Jika dia langsung pulang ke Sakurasou setelah sekolah, dia tidak akan melewati jalan ini yang menuju ke stasiun kereta.

“Karena aku juga akan ke pasar, mau bareng?”

“Boleh.”

Setelah menunggu lampu merah menjadi biru, mereka kemudian jalan bersama ke pasar. Suara *tuk yang berirama terdengar dari kaki Nanami. Sekarang ini dia mengenakan sandal yang heelnya sedikit terangkat. Karena itulah dia terasa lebih tinggi dari yang diingat oleh Kanna.

Dia terlihat seperti orang dewasa. Dengan rambut pendek yang sengaja dipotongnya pada saat kelulusannya di Suiko, rambutnya sudah tumbuh lebih panjang lagi hingga menyentuh bahunya.

“Oh, ini?”

Nanami yang menyadari tatapan Kanna mengelus ujung rambutnya dengan jari-jarinya.

“Kelihatan aneh ya?”

“Tidak, memang wajar karena sudah lebih dari setahun semenjak senpai lulus dari Suiko, tapi tampaknya Aoyama-senpai menjadi lebih dewasa dan mengejutkan…”

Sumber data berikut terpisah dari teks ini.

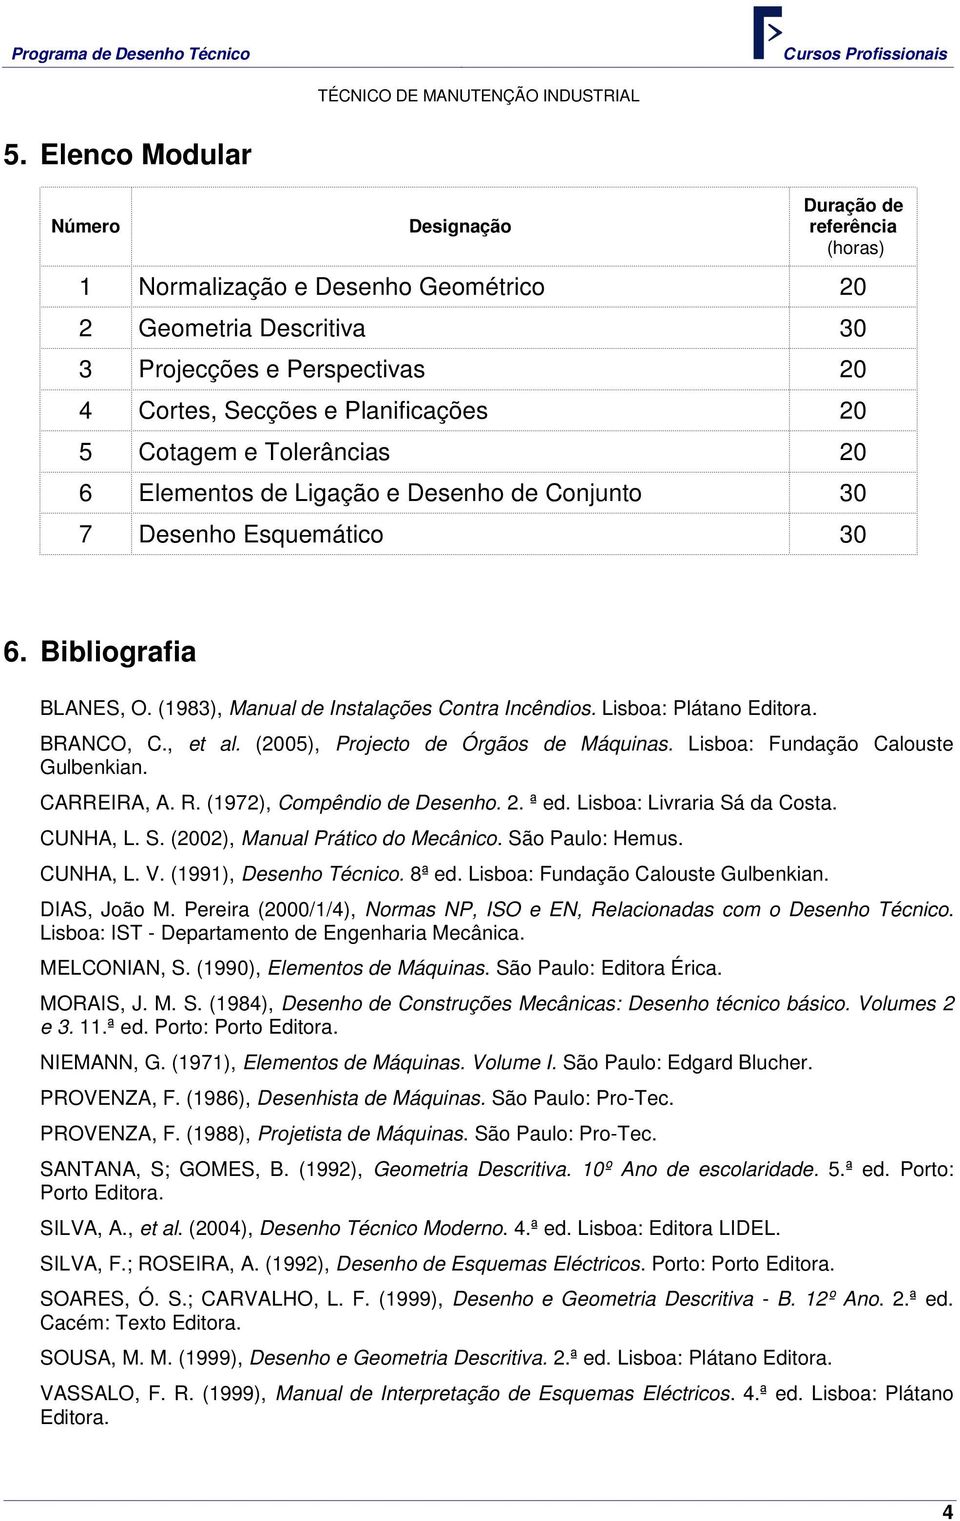 BRANCO, C., et al. (2005), Projecto de Órgãos de Máquinas. Lisboa: Fundação Calouste Gulbenkian. CARREIRA, A. R. (1972), Compêndio de Desenho. 2. ª ed. Lisboa: Livraria Sá

Emosi yang dirasakannya tak terwakili oleh kata-kata dengan baik, dan Kanna akhirnya mengucap, “Maaf.”

“Tidak, terima kasih. Kemarin Aku juga bertemu dengan Kanda-kun di kantin untuk pertama kalinya dalam tiga bulan terakhir dan ia juga mengucapkan hal yang sama.”

Nanami tertawa ketika dia mengingat percakapannya dengan Sorata waktu itu. Sekarang, baik Sorata serta Nanami sudah menjadi mahasiswa-i di Universitas Seni Suimei.

Tempat dimana Nanami tinggal juga sangat dekat dengan Sakurasou. Di sebuah apartemen yang dapat ditempuh dengan berjalan kaki sekitar sepuluh menit.

Setelah lulus dari Suiko, Sorata yang meninggalkan Sakurasou menyewa sebuah rumah tua di dekat universitasnya dan tinggal bersama dengan Akasaka Ryuunosuke yang juga salah satu mantan penghuni Sakurasou. Tempat itu jika dilihat dari Sakurasou berada di sisi lain dari gerbang universitas mereka. Mungkin memakan waktu sekitar tiga puluh menit jika Kanna berjalan kaki. Karena hal itu, bahkan jika mereka tinggal di kota kecil yang sama, dia jarang bertemu dengannya.

“Apa Sorata-senpai baik-baik saja?”

Sudah sekitar tiga atau empat bulan yang lalu ketika Kanna bertemu dengannya. Mereka tidak sengaja bertemu di stasiun setelah rapat tentang novelnya. Sepertinya saat itu Sorata sedang dalam perjalanan pulangnya setelah rapat produksi untuk game yang dikembangkannya.

“Ia sedang bersiap-siap untuk pendirian perusahaan gamenya bulan lalu, jadi ia begitu sibuk sampai harus membaca buku tentang wiraswasta selagi ia makan di kantin.”

“Kelihatannya sangat sibuk.”

Kanna tidak begitu tahu bagaimana rasanya mendirikan perusahaan. Dia belum pernah melakukan hal itu maupun memikirkan akan melakukannya. Bahkan saat di sekolah, dia tidak mempelajari hal itu di kelas.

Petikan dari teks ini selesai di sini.